Distribution of voxels with high pre-treatment function by dose-bins of 10 Gy-EQD2 (one bin for dose-saturated voxels) along post-treatment function line-plot; 2D case P1.

Although the differences in dose distributions from 3D patient cases are not as conspicuous as those from the 2D cases, we observe analogous behavior. Qualitatively, patient case 1 has a 3D perfusion map analogous to the 2D perfusion pattern P1 in figure 3(a): large clusters of various perfusion surrounding the tumor. Figures 8 and 10 show this analogous benefit of using a GLF objective. In particular, comparing figures 8(a)–(c), we observe that the bright-green 30 Gy iso-dose line (typically, where damage saturates) is pushed further in toward the PTV and covering less functional liver in the GLF plan, while more highly-perfused liver is covered by the 30 Gy line in the fEUD and ℓEUD plans. Moreover, using the ℓEUD plan as the baseline plan, the dose wash difference in figure 8(f) (GLF–ℓEUD plan) shows a larger reduction in dose to the posterior region of the liver, which is the highest-functioning portion (as seen in figure 8(d)), compared to the dose wash difference in figure 8(e) (fEUD–ℓEUD plan).

Figure 10.

Distribution of voxels with high pre-treatment function by dose-bins of 10 Gy-EQD2 (one bin for dose-saturated voxels) along post-treatment function line-plot; patient case 1.
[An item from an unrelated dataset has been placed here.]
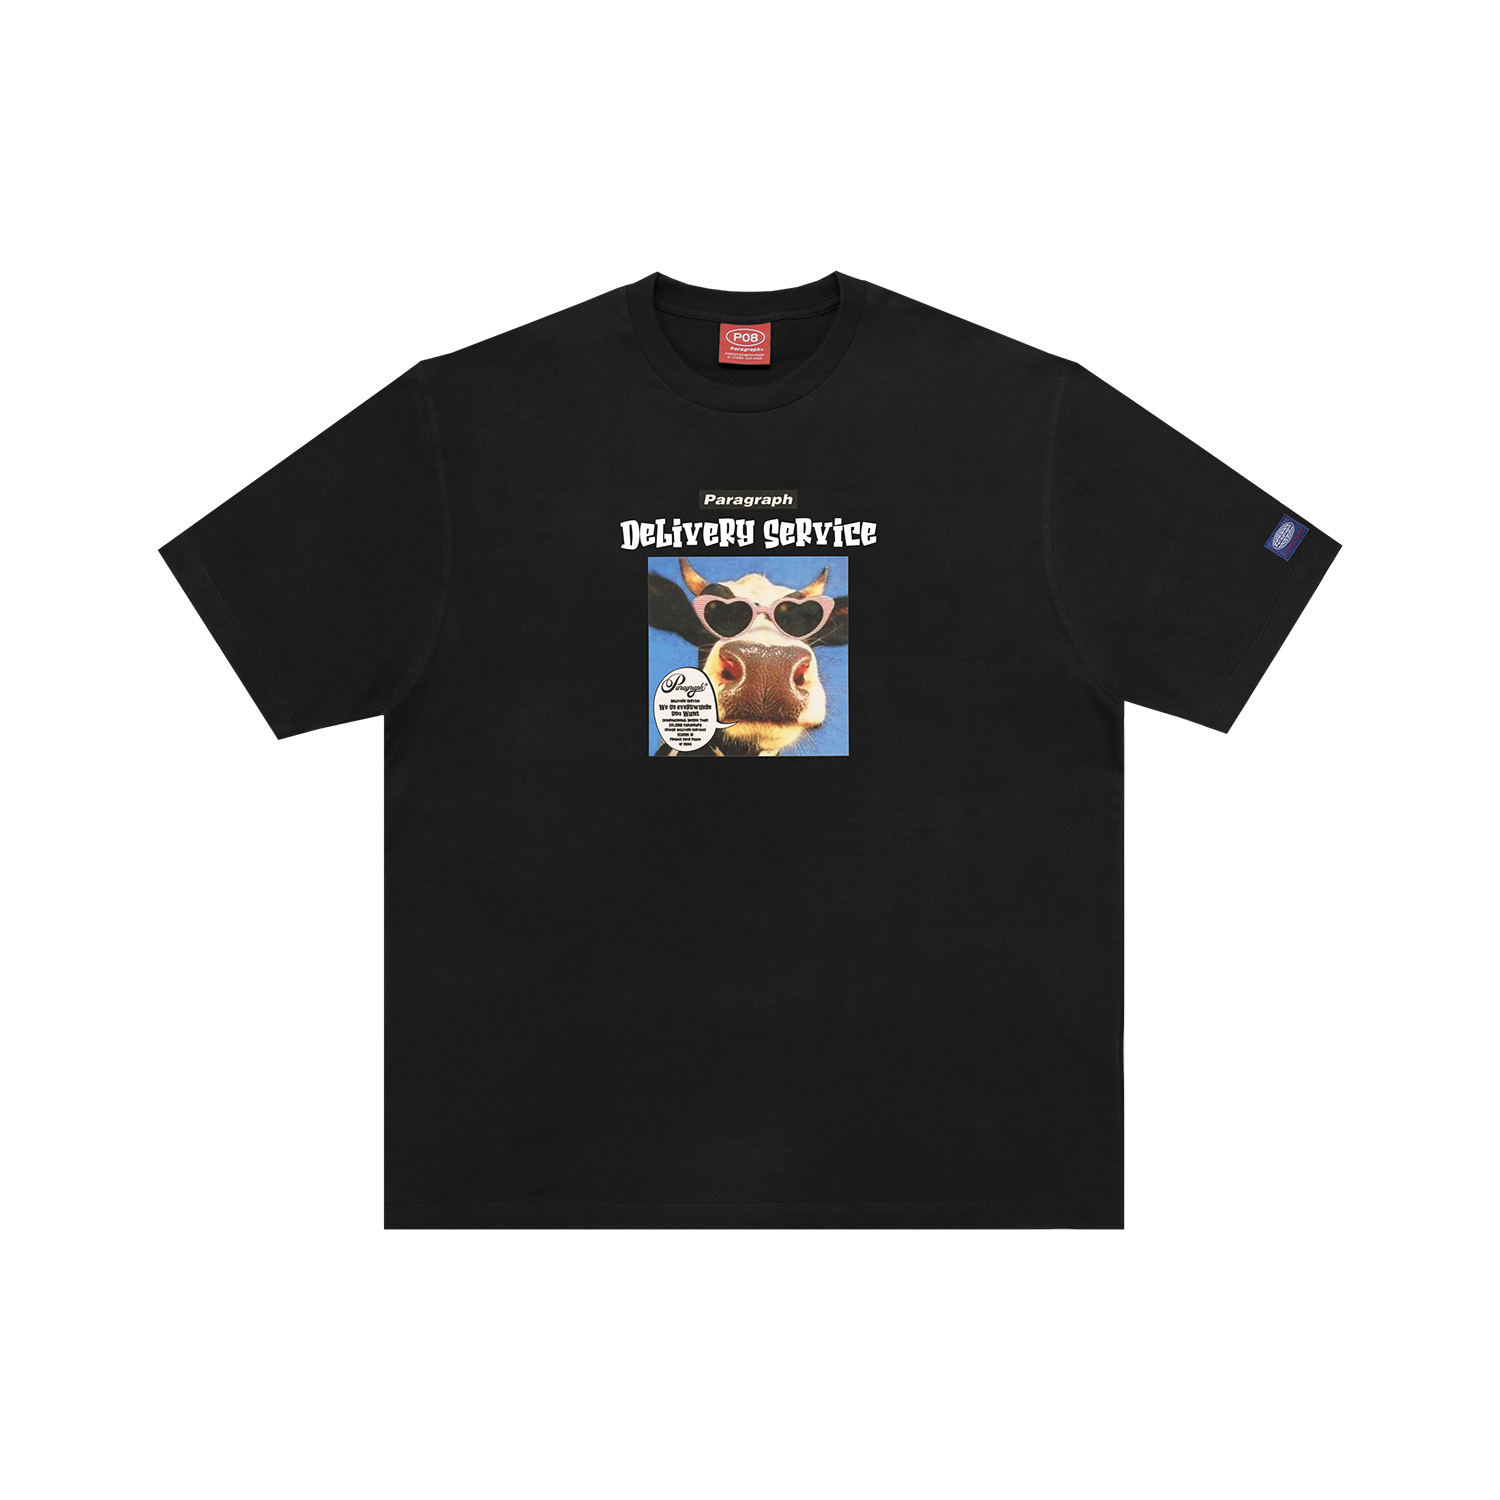 DELIVERY SERVICE T SHIRT
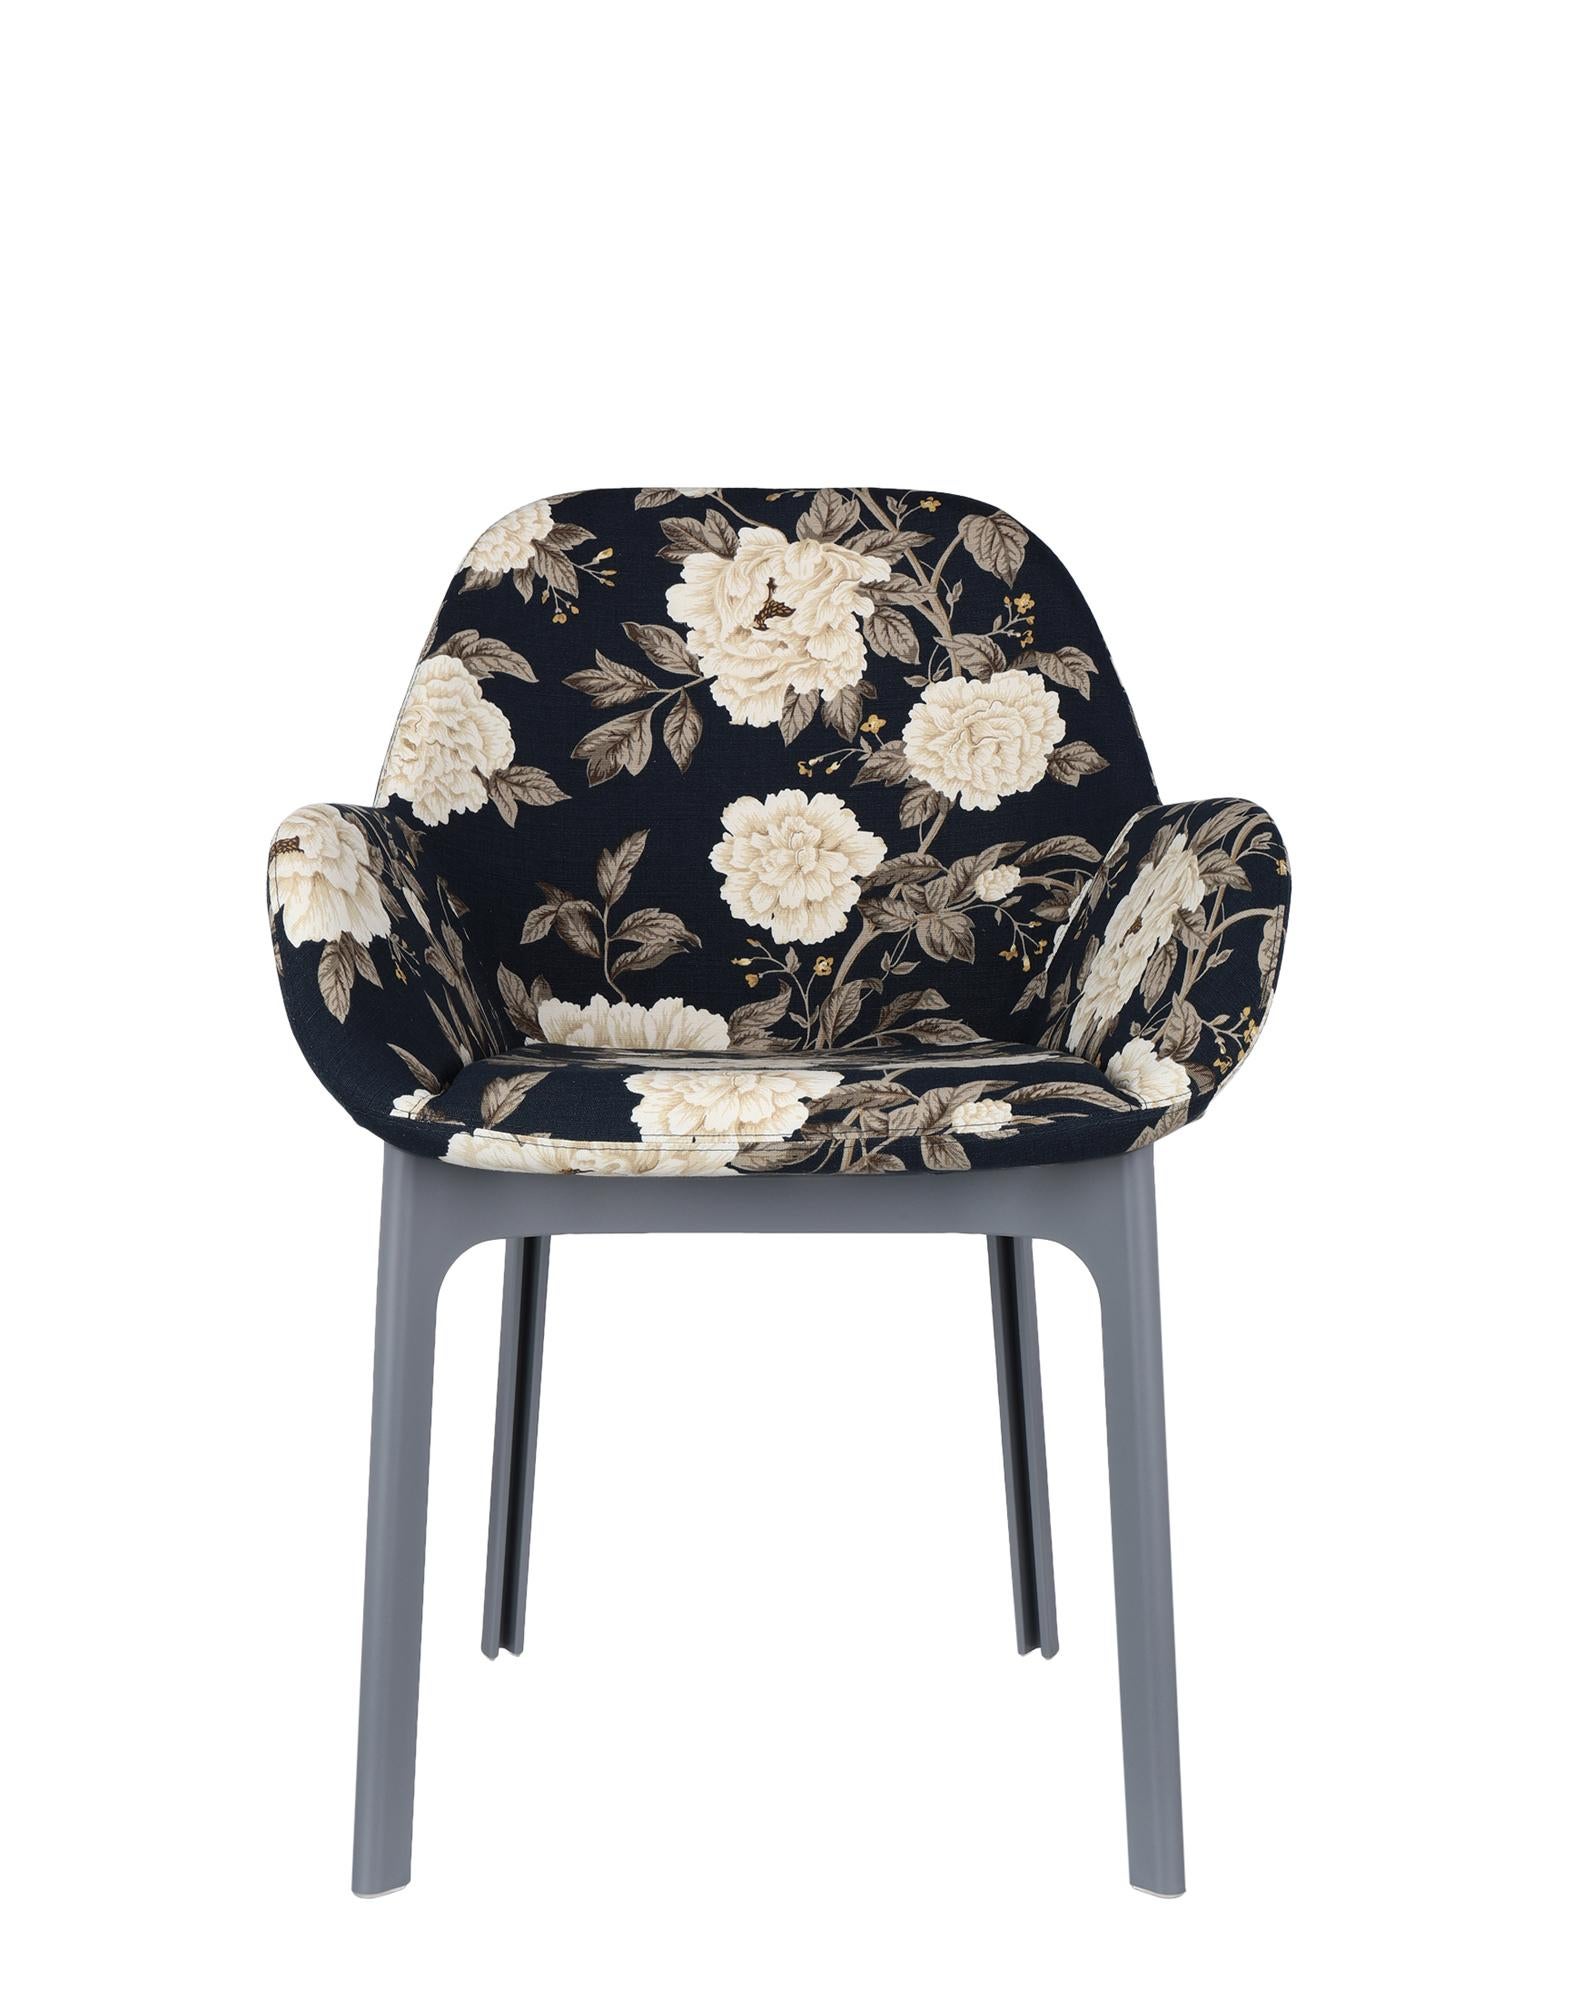 Contemporary Kartell Clap Chair by Patricia Urquiola in Peony Pattern For Sale

Our current model considers voxel-based organ function information. A next step is to consider function at a higher level by preserving not only individual high-functioning liver voxels, but also so-called ‘highly functional subvolumes of liver,’ i.e. contiguous groups of voxels—identifying such subvolumes would supplement existing dose-based evaluation criteria. Another direction is to make our model robust by accounting for uncertainty in functional imaging data, e.g. from image registration errors and the perfusion measurements themselves. Finally, since response parameters are currently population-based, we intend to further individualize planning through an adaptive framework by anticipating, part-way through treatment, patient-specific radiosensitivity with patient-specific response parameters (such response models have also been developed in Wang et al (2016)).

5. Conclusion

We developed methods to explicitly incorporate voxel-level liver function information into SBRT treatment planning. The fEUD model can often effectively generate an alternative dose distribution that reduces dose to highly-perfused voxels and increases dose to poorly-perfused voxels (not necessarily by the same amount), while achieving the same target linearized equivalent uniform dose and satisfying dose limits to other critical structures. Although this model is computationally inexpensive in comparison to the GLF model, minimizing fEUD is only a surrogate for maximizing post-treatment global liver function and is not a uniformly good surrogate. Though computationally more expensive, the GLF model directly optimizes expected post-treatment global liver function, a more clinically-relevant metric. The results of this work suggest a need to further investigate numerical methods that more efficiently optimize nonconvex objective functions such as GLF. Although these models are effective for certain types of perfusion patterns, future work consists of quantitatively identifying perfusion patterns that may indicate patient benefit from planning treatment with the fEUD or GLF models.